Substitute the given values:
\(-641 = +148 + 738 + 1451 + 2(121) + 2(-349) - \Delta H_{\text{lat}}^\theta\)
\(-641 = 148 + 738 + 1451 + 242 - 698 - \Delta H_{\text{lat}}^\theta\)
\(-641 = 1881 - \Delta H_{\text{lat}}^\theta\)
\(\Delta H_{\text{lat}}^\theta = 1881 + 641 = +2522\text{ kJ mol}^{-1}\)

(c) Lattice enthalpy depends on the electrostatic attraction between ions:
- Magnesium ions (\(\text{Mg}^{2+}\)) have a higher positive charge (+2) than sodium ions (\(\text{Na}^+\), +1).
- Magnesium ions also have a smaller ionic radius than sodium ions, allowing them to get closer to chloride ions.
- This results in a much stronger electrostatic attraction between the ions in the magnesium chloride lattice, requiring more energy to disrupt it.

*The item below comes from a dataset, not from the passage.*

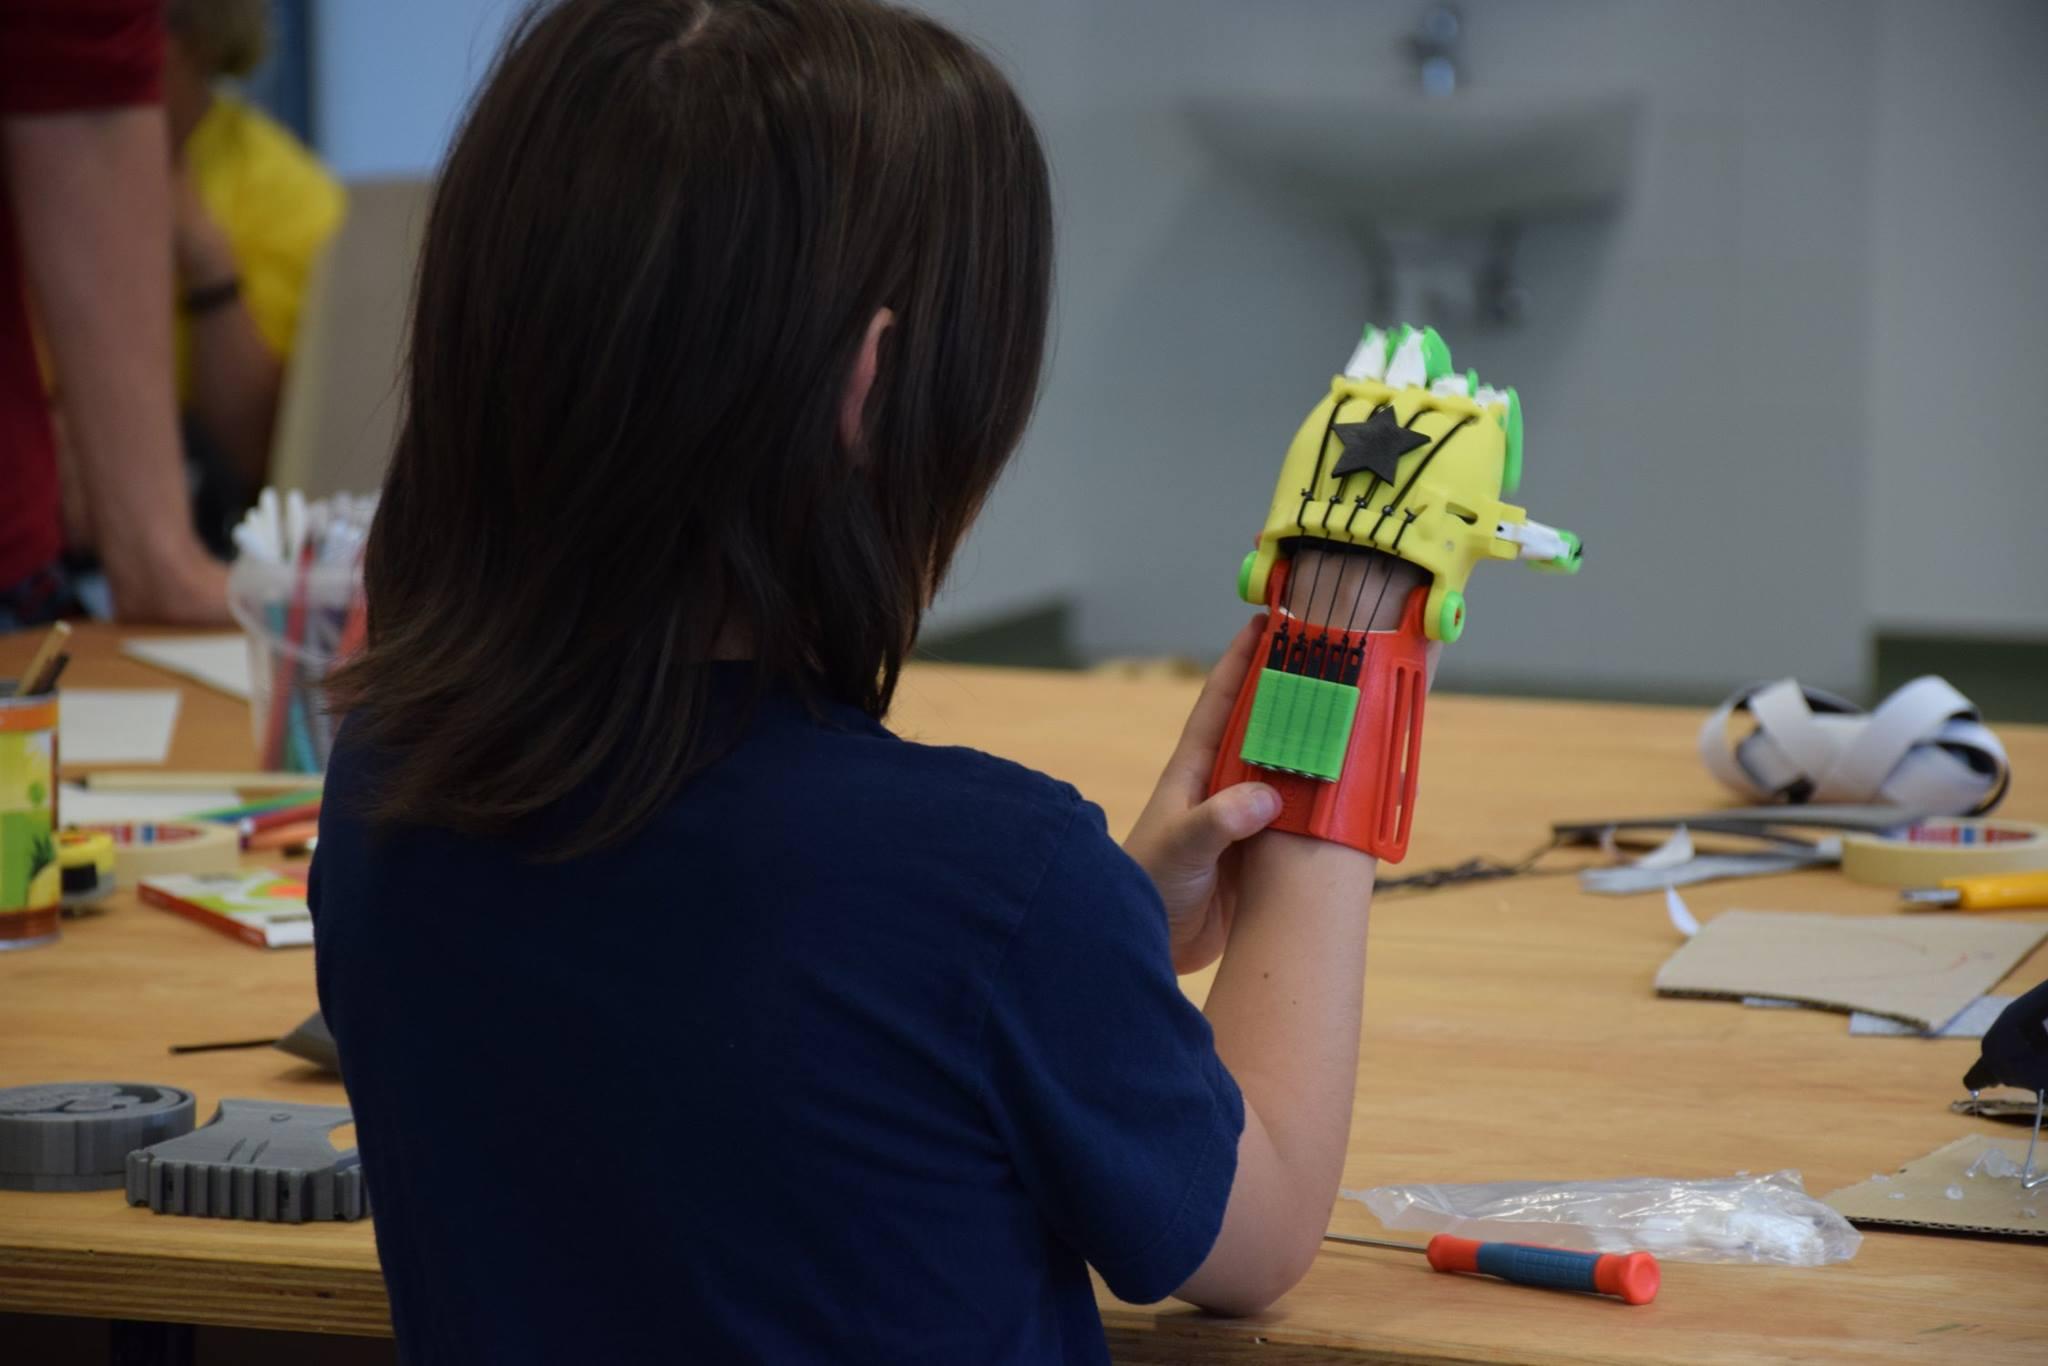 E-nable workshop, műkezek gyártása 3D nyomtatóval a nagykovácsi makerspace-ben. Forrás: makerspace.hu

(d) If the experimental lattice enthalpy is more exothermic than the theoretical value, it indicates that the bonding has covalent character (due to polarization of the chloride anion by the small, highly charged magnesium cation).

(a) [2 marks]
- 1 mark for 'enthalpy change when one mole of ionic compound is broken into gaseous ions'.
- 1 mark for specifying 'under standard conditions'.

(b) [6 marks]
- 1 mark for representing correct steps for magnesium: atomization (+148) + IE1 (+738) + IE2 (+1451).
- 2 marks for correctly multiplying chlorine atomization and electron affinity by 2: \(2 \times 121 = 242\) and \(2 \times (-349) = -698\).
- 1 mark for correct algebraic setup: \(-641 = 1881 - \Delta H_{\text{lat}}\).
- 2 marks for correct calculation of \(+2522\text{ kJ mol}^{-1}\) (award 1 mark if sign is incorrect, e.g. -2522).

(c) [3 marks]
- 1 mark for stating Mg2+ has a higher charge than Na+ (+2 vs +1).
- 1 mark for stating Mg2+ has a smaller ionic radius than Na+.
- 1 mark for relating this to stronger electrostatic attractions between ions in the MgCl2 lattice.

(d) [2 marks]
- 1 mark for identifying that the bonding has covalent character.
- 1 mark for explaining that the Mg2+ cation polarizes the Cl- anion.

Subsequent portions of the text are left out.